The difference is moving it to the AIL doesn't perturb the
transaction reservation waiting behaviour at all, and it's largely
indepedent on the log size, transaction reservation sizes, etc.

Logic might be:

	if the push target is approximately where the log grant tail
			pushing threshold should be; and
	if the AIL is empty or all the items in the AIL are > grant
			push threshold; and
	if we've got nothing else to do and will go to sleep

		issue a log force

i.e.
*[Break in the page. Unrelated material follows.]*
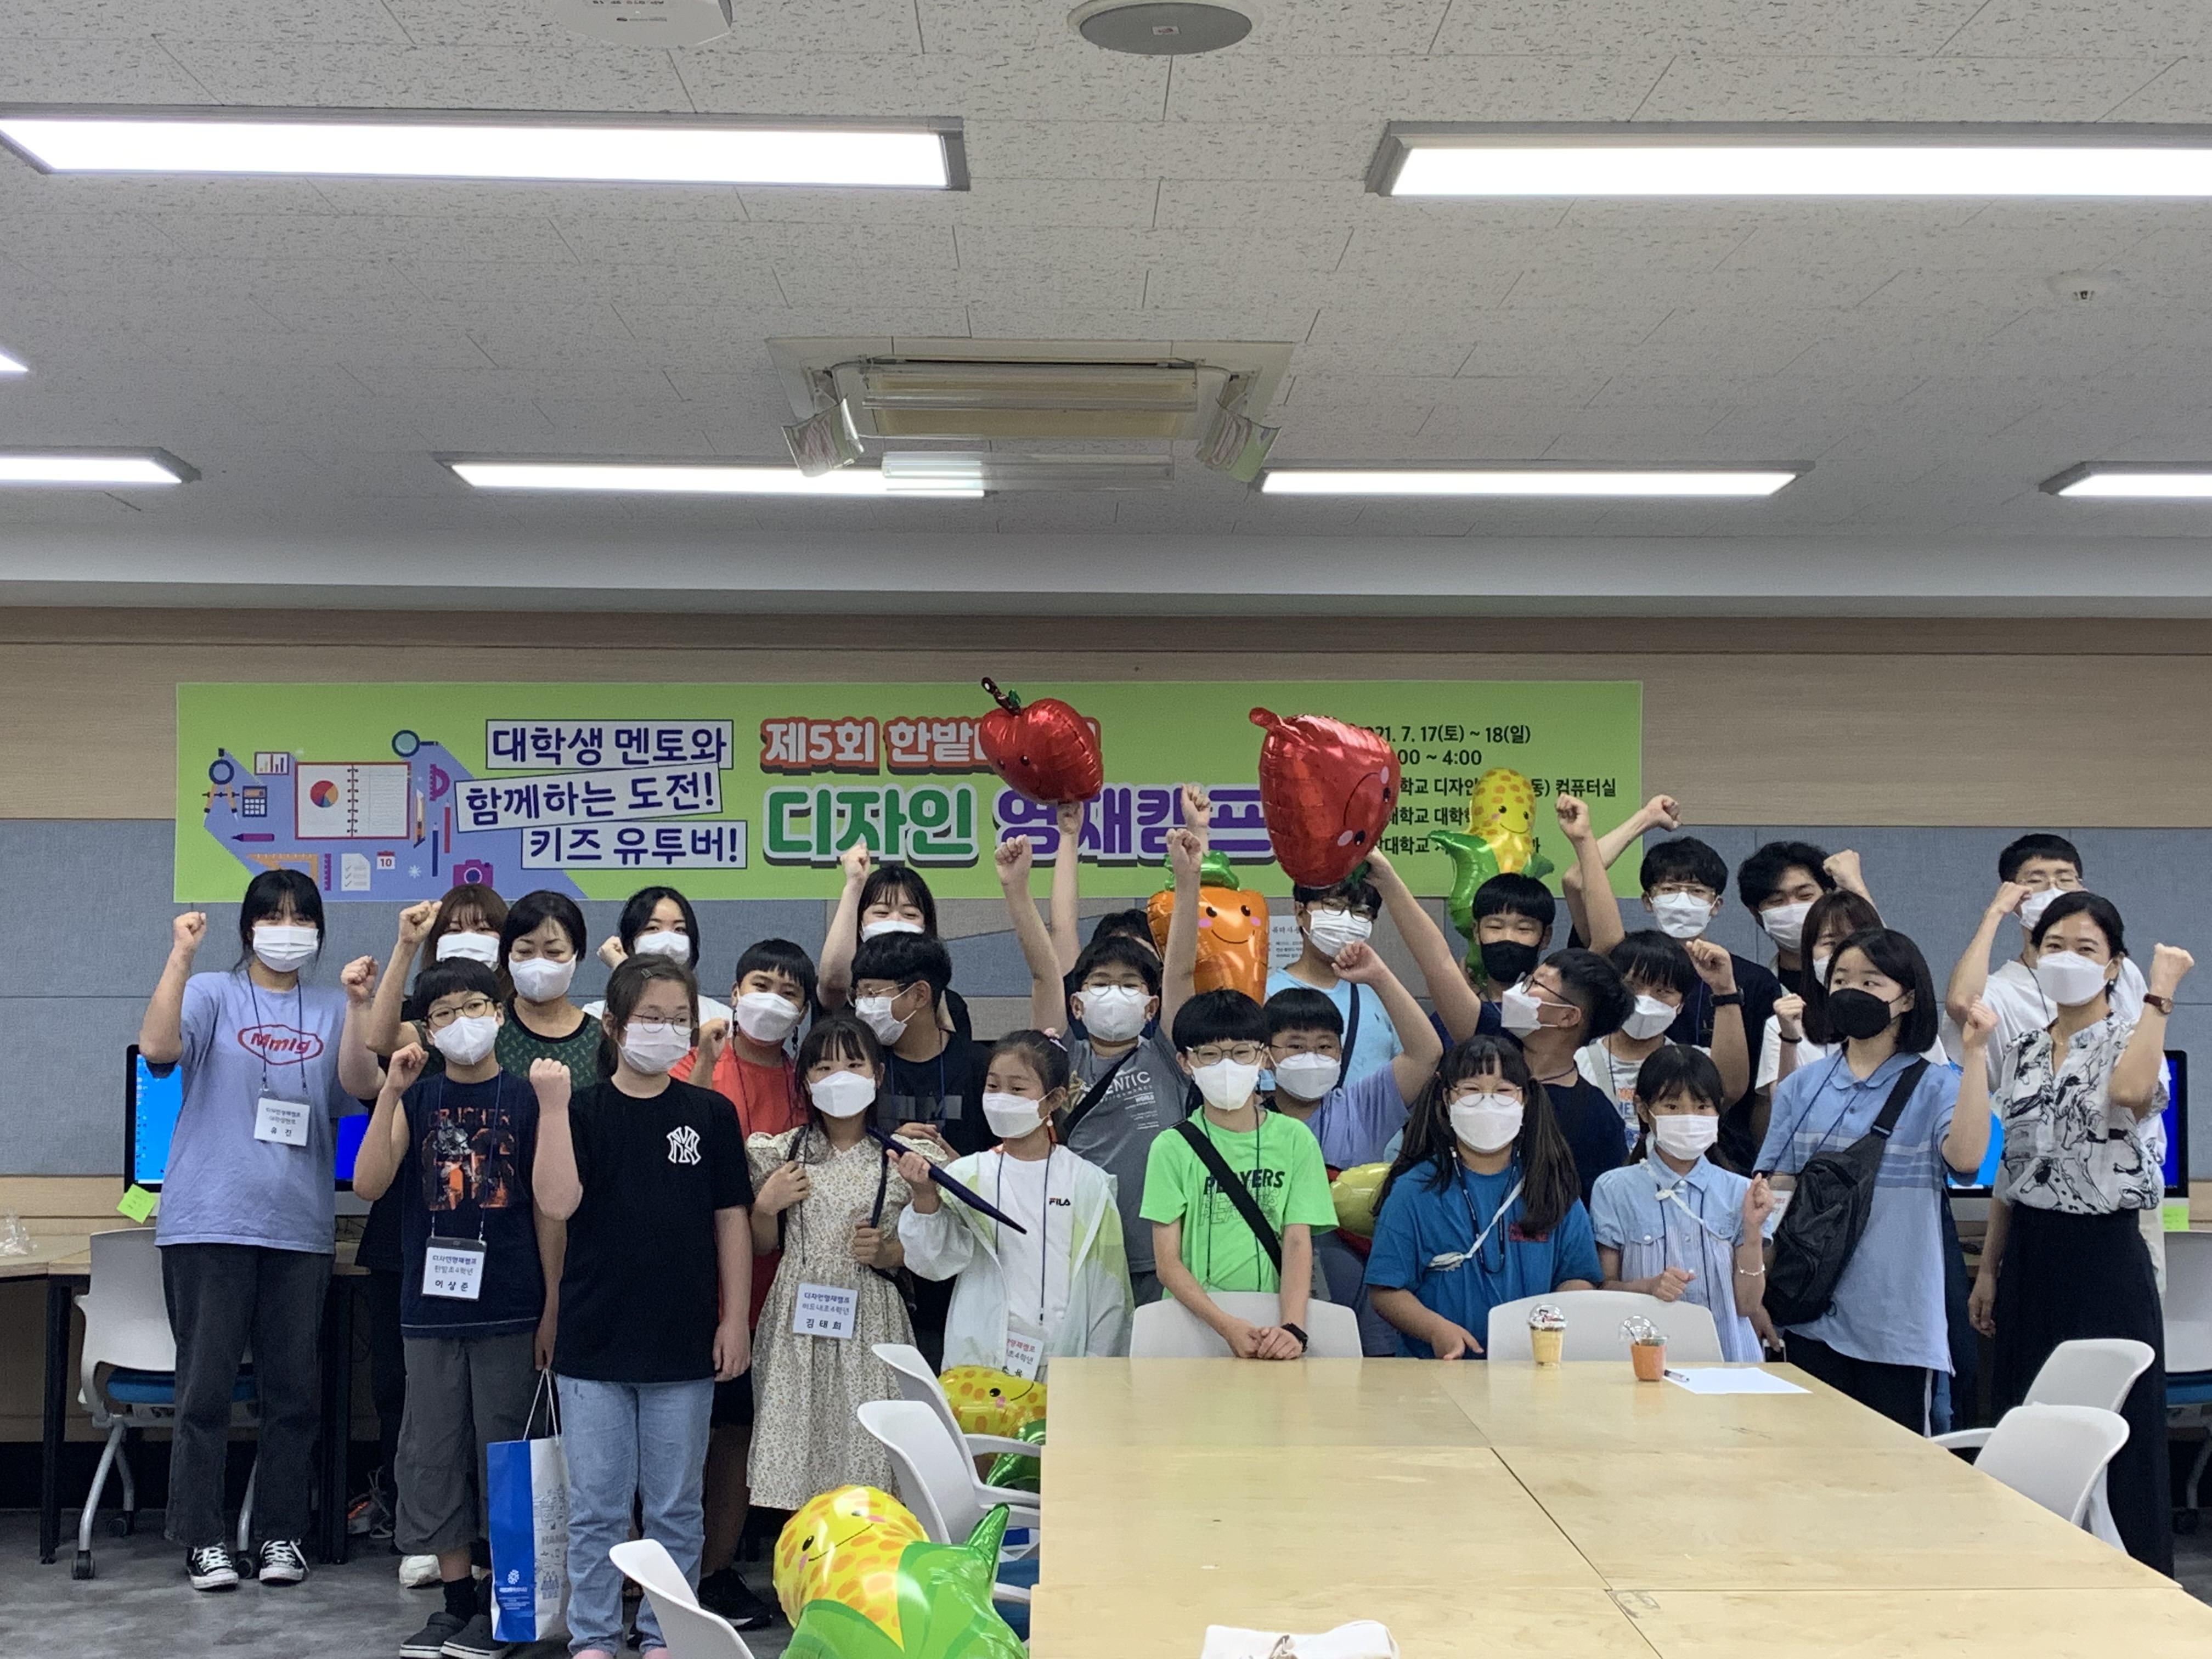 캠프 마무리 후, 홍 교수(앞에서 두 번째 줄, 왼쪽에서 첫 번째)와 대학생, 참가자들이 단체 사진을 촬영하고 있다.

I don't think we need to put any new code into the log
reservation side of things - all the triggers we need to handle this
in the AIL are already there...

> @@ -1558,8 +1563,15 @@ xlog_grant_push_ail(
>  	 * so that it doesn't change between the compare and the set.
>  	 */
>  	last_sync_lsn = atomic64_read(&log->l_last_sync_lsn);
> -	if (XFS_LSN_CMP(threshold_lsn, last_sync_lsn) > 0)
> -		threshold_lsn = last_sync_lsn;
> +	if (XFS_LSN_CMP(threshold_lsn, last_sync_lsn) > 0) {
> +		int		flushed = 0;
> +		xfs_lsn_t	force_lsn;
> +
> +		force_lsn = xlog_assign_lsn(log->l_prev_cycle,
> +					    log->l_prev_block);
> +		__xfs_log_force_lsn(log->l_mp, force_lsn, XFS_LOG_SYNC,
> +				    &flushed, true);

__xfs_log_force_lsn() takes a CIL lsn, not a log LSN, so this
doesn't work the way you thought it does. i.e. __xfs_log_force_lsn()
pushes on the CIL first, then syncs the iclog buffers. Indeed, if
this was to be used, we wouldn't even need XFS_LOG_SYNC, because all
we need to do is start the IO on all the iclog buffers, and the log
forces do that. XFS_LOG_SYNC() only waits for them all to complete,
it doesn't change the way they are written.

Largest problme with this is that the CIL flush is a blocking
operation. Same as if we just replaced this with xfs_log_force(0)
to just push the CIL and the iclogs to disk...

Cheers,

Dave.
-- 
Dave Chinner
david@fromorbit.com